Supplied entries →

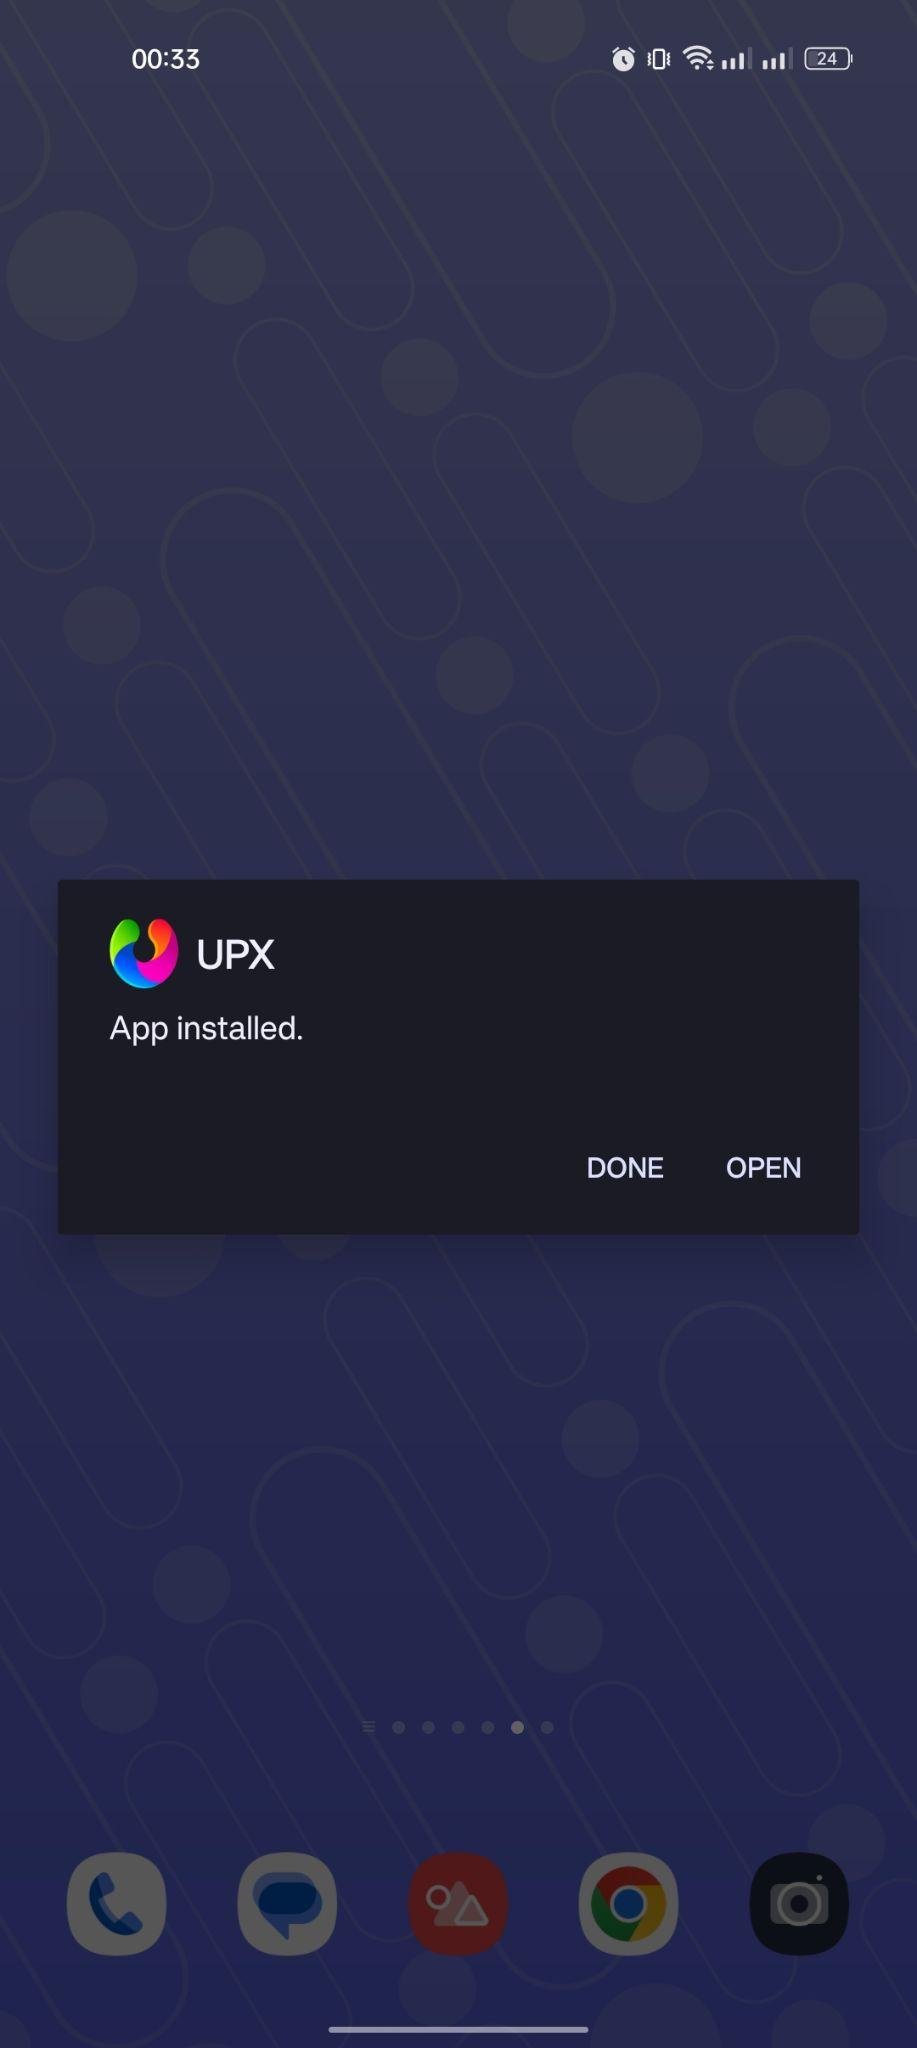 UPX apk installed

...

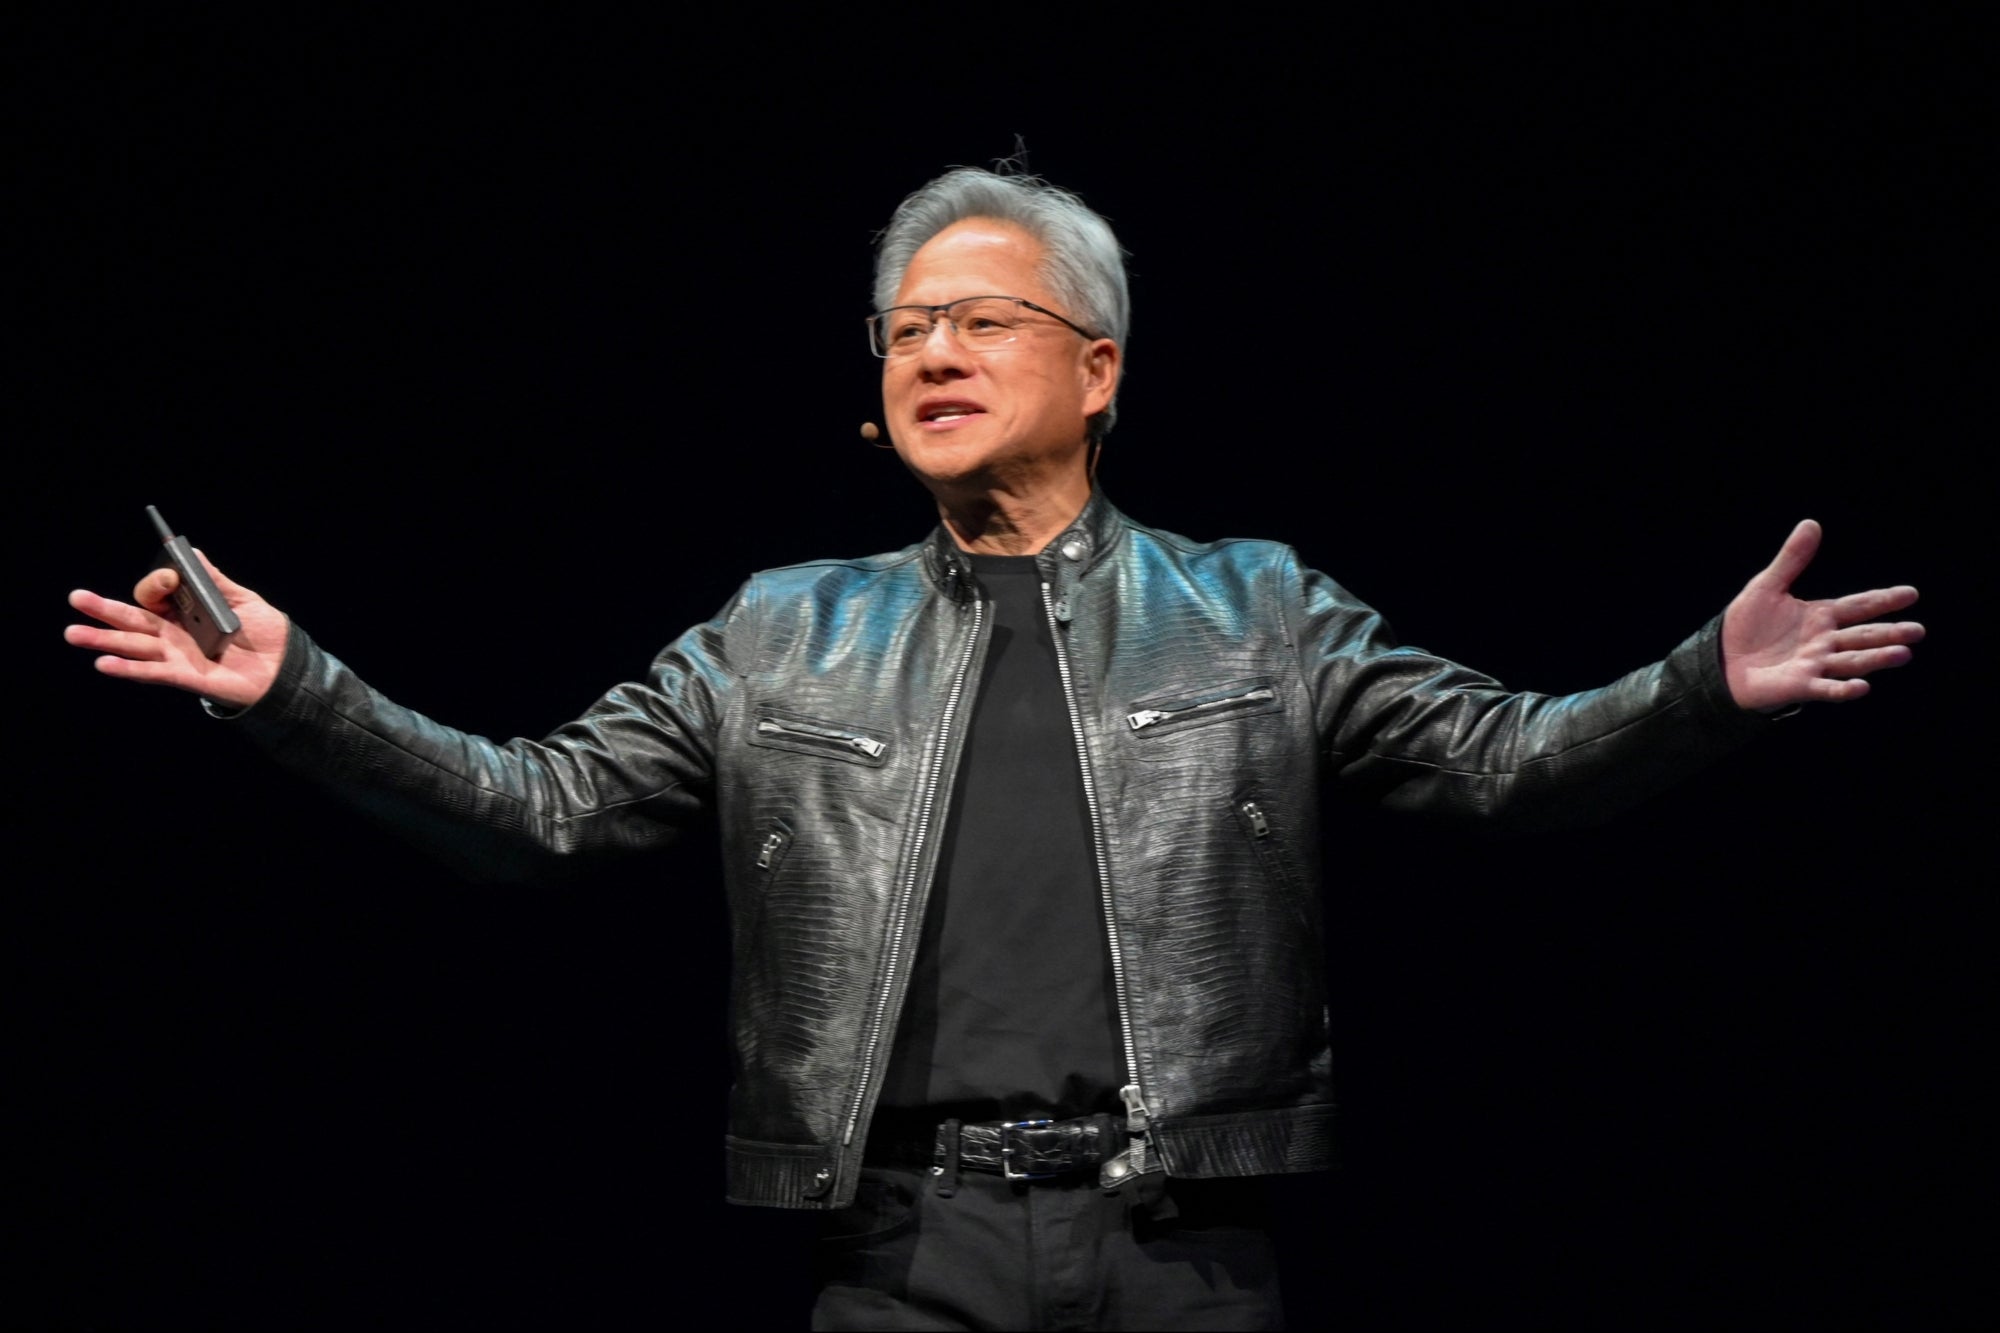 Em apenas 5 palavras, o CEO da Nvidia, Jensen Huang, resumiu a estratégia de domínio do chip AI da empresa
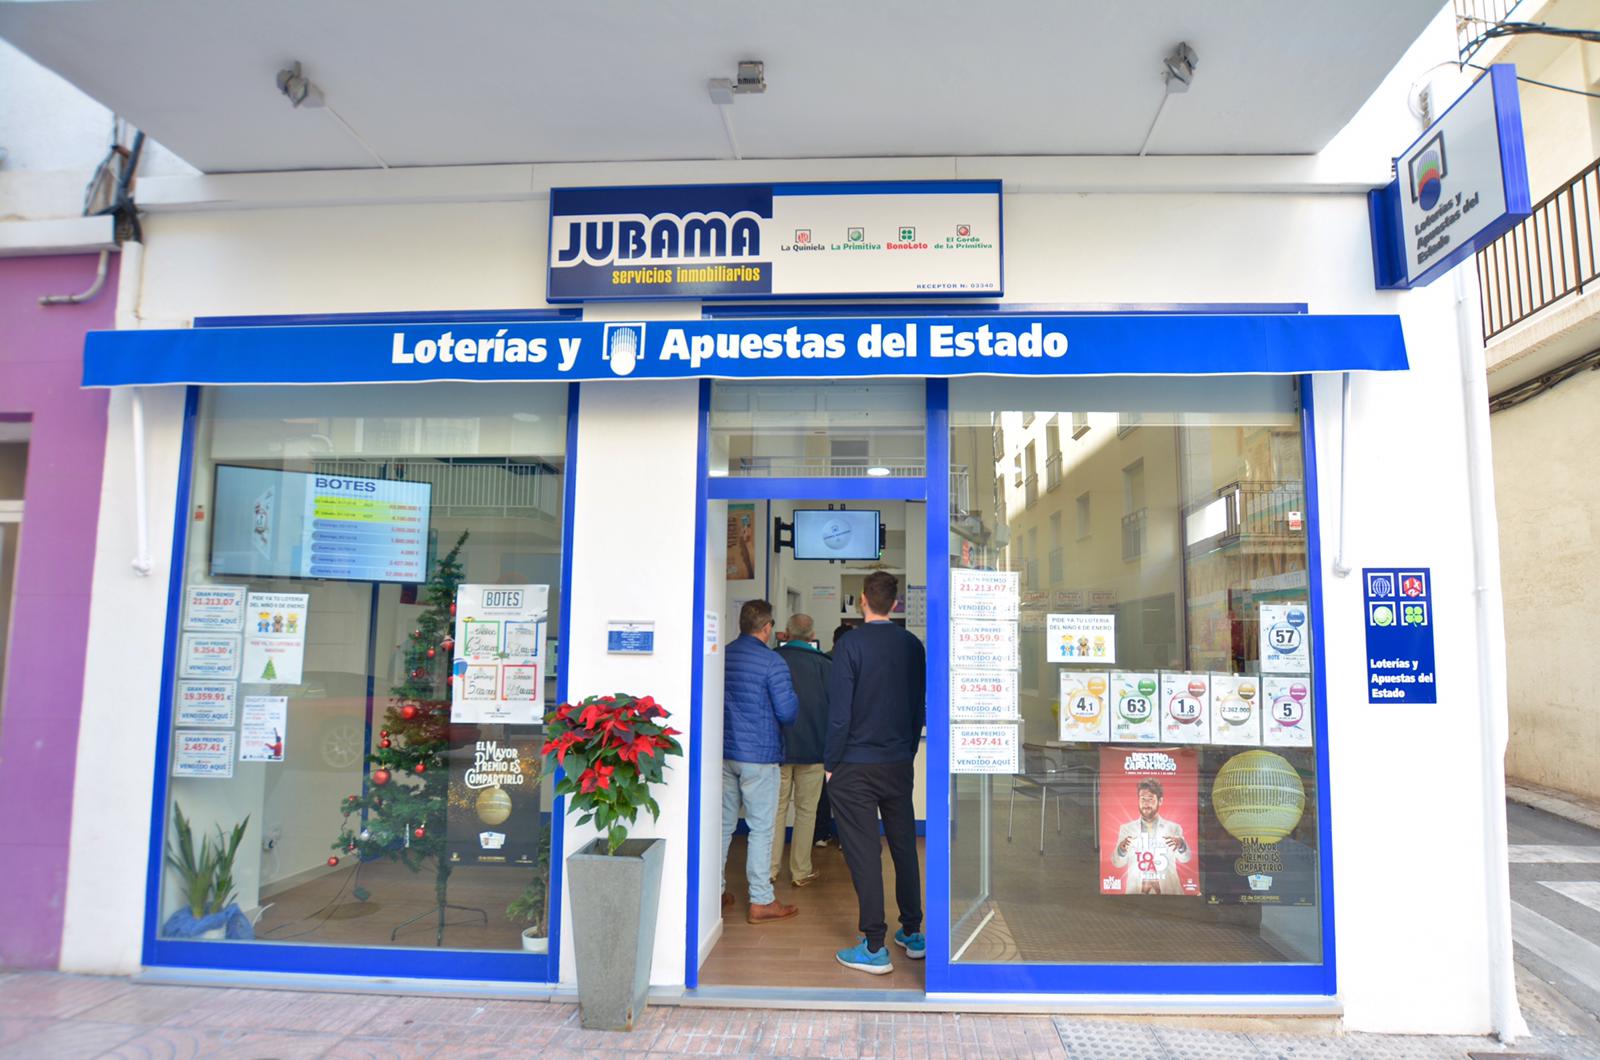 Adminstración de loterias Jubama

Exercise →
Only the lines of the listing above from the one with "Em apenas 5" through the one with "Adminstración de loterias Jubama" should be output, exactly, with both ends kept and pictures left out.

Answer for the task →
 Em apenas 5 palavras, o CEO da Nvidia, Jensen Huang, resumiu a estratégia de domínio do chip AI da empresa
 Adminstración de loterias Jubama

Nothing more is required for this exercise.